Les bois tremblent la feuille en flocon sec tournoie,

Tournoie et tombe au fond des sentiers désertes.


Apercevez-vous cette feuille qui s'accroche à tous les angles du vers, s'envole sous le souffle de la brise, pour se poser autre part? Et, de même, le brouillard d'octobre traîne dans les strophes, les éclaire de lueurs blafardes, les amollit, les pénètre. M. Léon Dierx excelle à rendre ces demi-teintes, ces lueurs d'aube, ces couleurs enveloppées. On pourrait lui appliquer ce qu'il a dit de Corot :


Toujours une harmonie adorable nous suit,

Nous enveloppe, ou nous absorbe, ou nous conduit.

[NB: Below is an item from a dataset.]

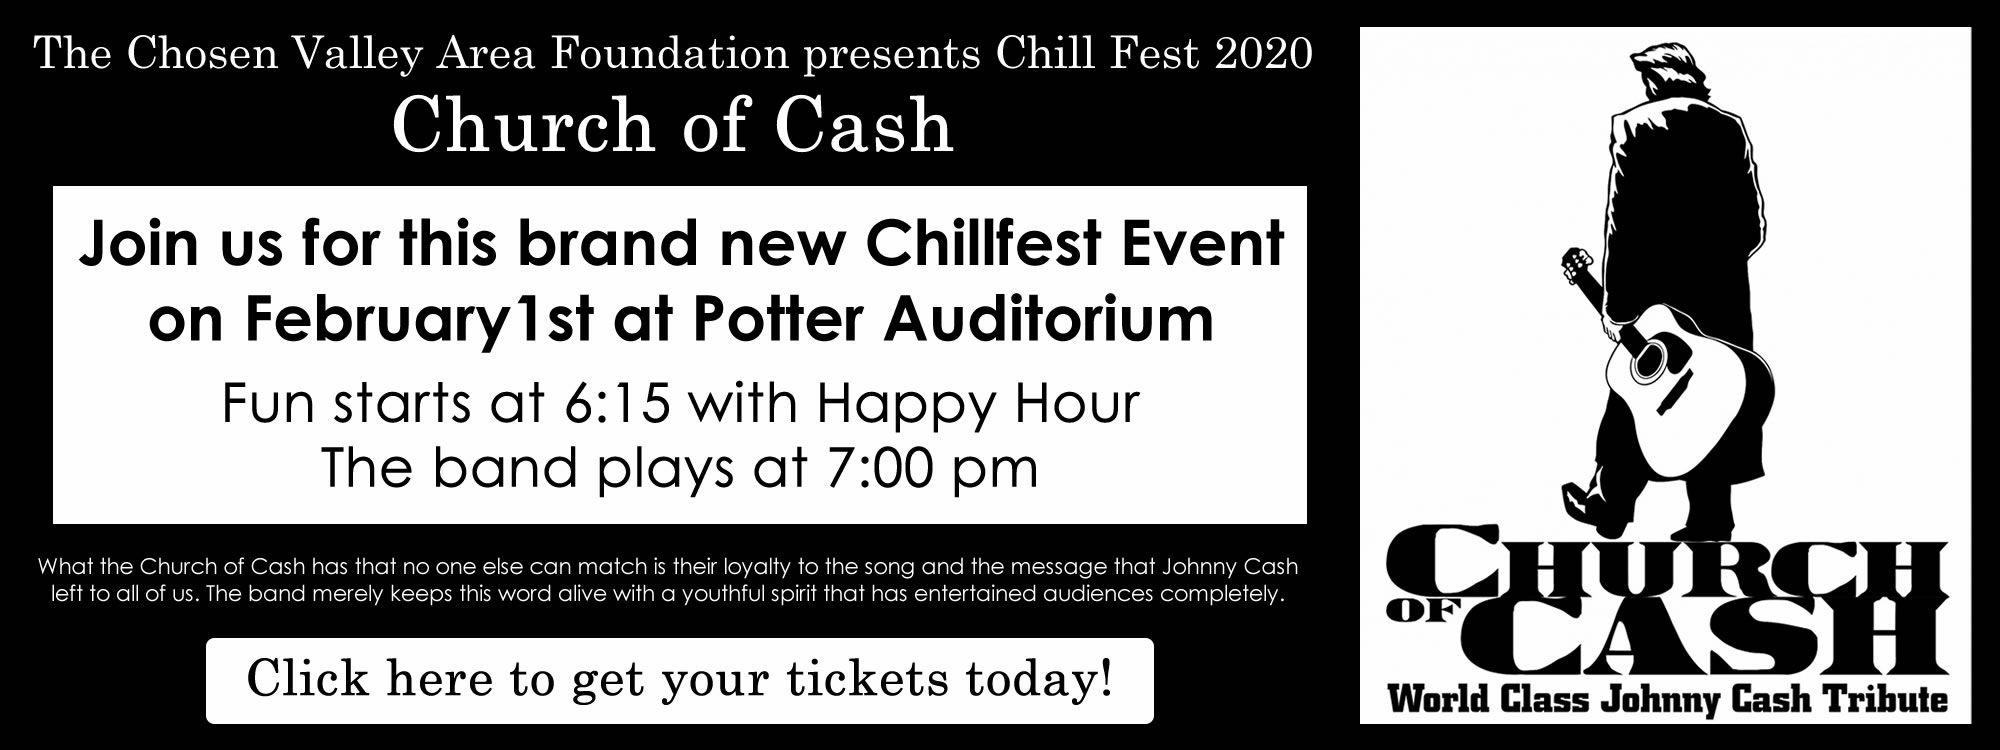 Chosen Valley Community Foundaiton - Chill Fest 2020 - Church of Cash concert

Une âme saisissable et fidèle et candide

Toujours ondule autour d'un branchage fluide,

Toujours palpite au loin sur de vagues coteaux,

Toujours tremble au-dessus de transparentes eaux.


Il arrive à noter des indications ténues et presque impalpables; et, cependant, son langage est toujours clair et précis. Ce n'est pas sa moindre originalité. D'autres ont élargi immodérément le caractère de la poésie, ils ont voulu lui faire exprimer ce qu'expriment la musique et la peinture. Ils sont tombés dans l'inconnaissable. Je suis de ceux que n'a pas encore touchés la grâce de M. Stéphane Mallarmé, et je confesse ici mon aveuglement. M. Léon Dierx a su, comme l'a fait justement remarquer M. Georges Rodenbach, traduire simplement des sensations compliquées, enfermer dans un vers strict des choses flottantes. Par là, il échappe à la banalité du Parnasse et à l'obscurité du symbolisme. Il a sa petite place bien à lui dans la littérature contemporaine. Il ne laissera pas la réputation d'un puissant poète, d'un lyrique échevelé, ni d'un penseur très profond. Mais cinq ou six pièces de lui sont absolument parfaites. Elles orneront à jamais les anthologies.